Colosimo and Rossi also agreed on the establishment of colonial citizenship for the Arab population of Cyrenaica and Tripolitania, drawing explicitly on the assimilationist policies of classical Rome as their historical model.

As minister he stipulated a convention according to which the insurgent Arab forces recognized Italian sovereignty over Tripolitania and Cyrenaica, in exchange for large autonomy in the area directly controlled by their leader Ahmed Sharif as-Senussi. This agreement achieved a temporary pacification of the colony, until Mussolini denounced it and reopened the conflict.

==Minister of Justice==
Although he was Minister of Justice for only five months, Rossi attempted to take a firmer line than his predecessors Luigi Fera and Giulio Rodinò against attacks on public order by the rising fascist movement. In this brief period he issued six circulars to public prosecutors about what he described as the “negligent” attitude of the magistrates in the face of abuses being committed across the country. In the first of these, in May 1922, he urged magistrates to face the urgent need for "judicial treatment" of the violence of the different political factions. A few days later he took a stand against the ransacking of newspaper headquarters which, since the rise of fascism, had often been burned or occupied. He denounced the threats to which journalists were subject and reminded the prosecutors that the State had to ensure the freedom of the press.

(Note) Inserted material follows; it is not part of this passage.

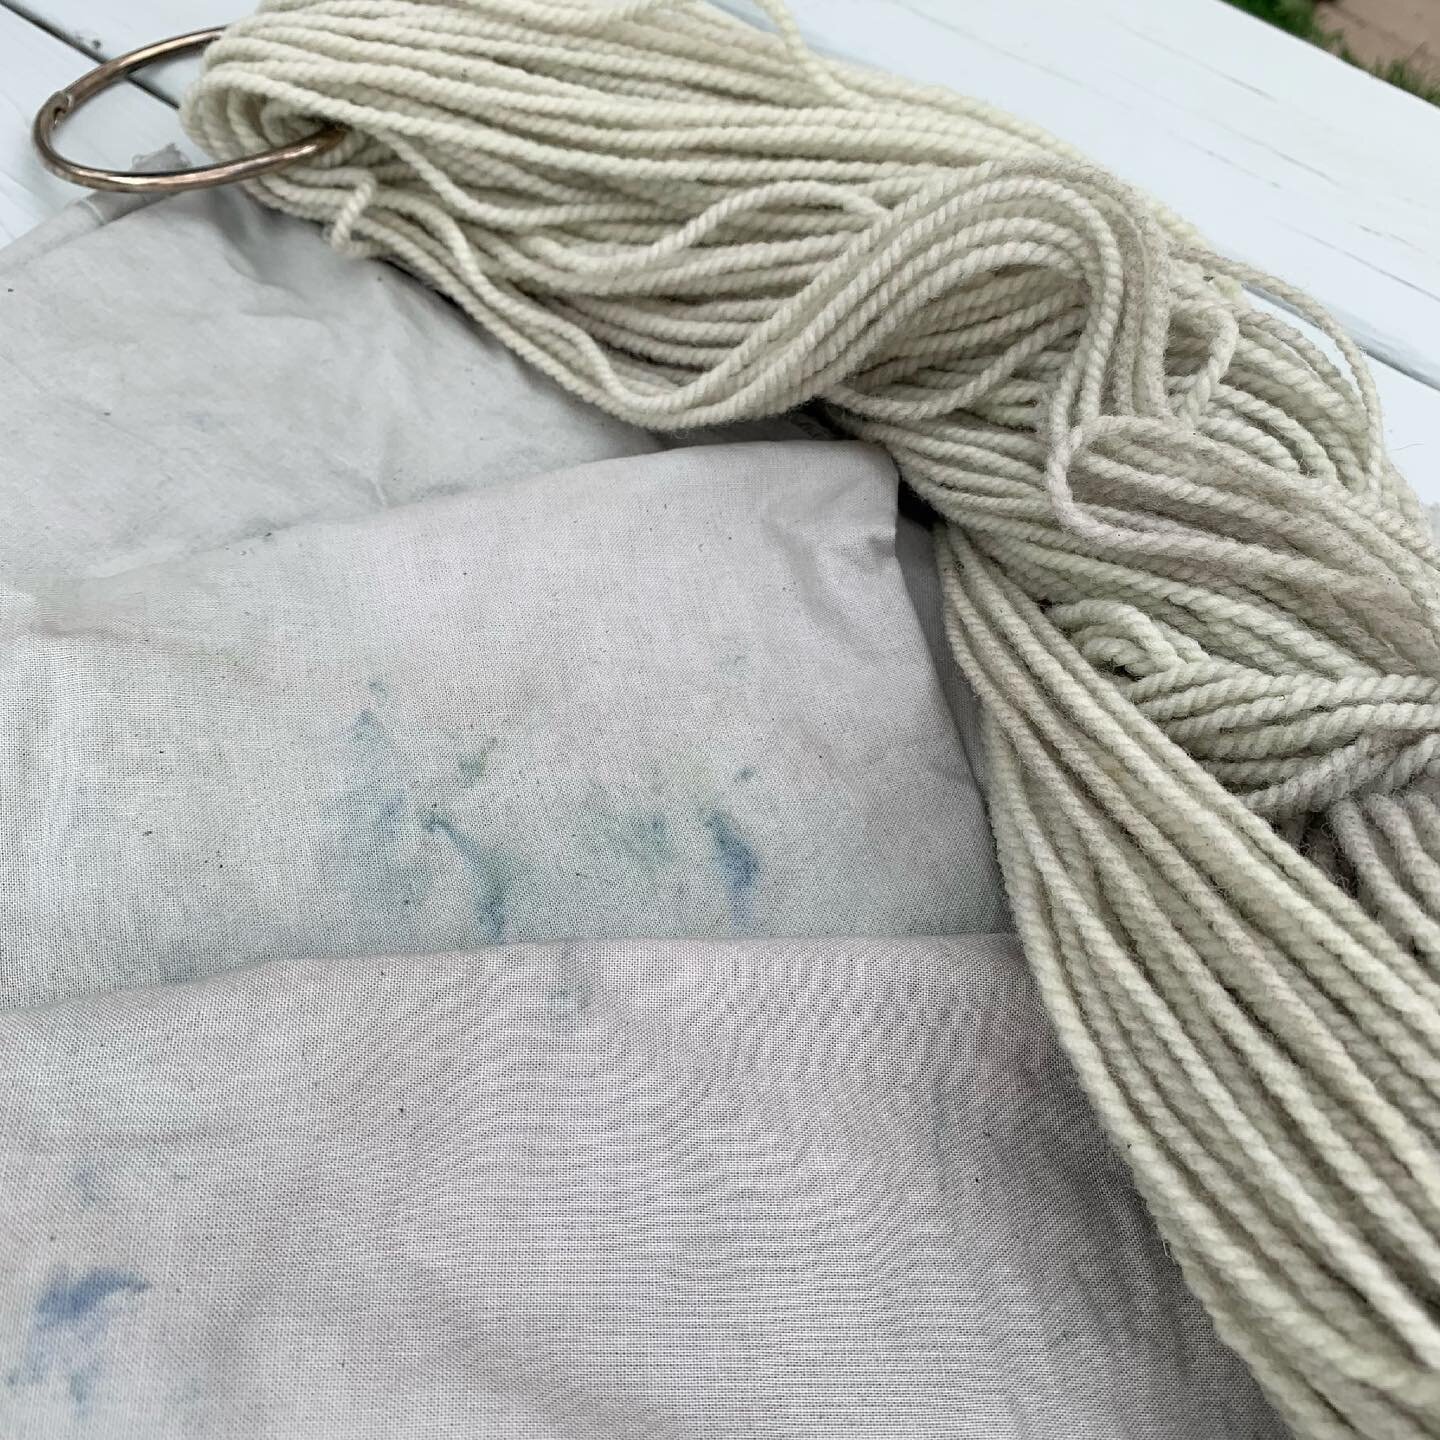 Can&rsquo;t seem to capture the beautiful tint of green on these hollyhock dyed pieces. But what a treat to explore! Love the blue spots on the fabric where the flower petal snuggled up against it. Cheers to uneven dyeing! 💙 Much love to @vegejan fo

In July 1922 his circulars grew more frequent; those dated 8, 12 and 15 of the month indicate his frustration that the courts are not impartially applying the law to crimes of a political nature. These circulars were also a sign that the judicial system was too slow and unable to respond adequately to the lawlessness that had taken hold in the country.

==Later academic career==
In 1924, following the installation of Mussolini’s regime, Rossi withdrew from political life, never joining the National Fascist Party. He was assigned to the School of Political and Administrative Sciences at the Faculty of Law in Rome and in 1925 he was one of the founding professors of the first faculty of political sciences in Italy. He then served as the long-term director of the Institute of Public Law and Social Legislation.

==Honours==
| | Knight Grand Cordon of the Colonial Order of the Star of Italy |

==Principal works==
Among Rossi’s principal works are:

- I principi fondamentali della rappresentanza politica (“The fundamental principles of political representation”) (1894)
- Sulla natura giuridica del diritto elettorale politico (“On the legal nature of political electoral law”) (1907)
- Bartolo da Sassoferrato nel diritto pubblico del suo tempo (“Bartolo da Sassoferrato in the public law of his time”) (1917)
- Programma del corso di diritto pubblico comparato (“Syllabus of the course on comparative public law”) (1926)
- Potere personale e potere rappresentativo nella "Sacra corona d'Ungheria" (”Personal power and representative power in the "Holy Crown of Hungary"”) (1934);
- Un criterio di logica giuridica: la regola e l'eccezione particolarmente nel diritto pubblico (“A criterion of legal logic: the rule and the exception particularly in public law”) (1935).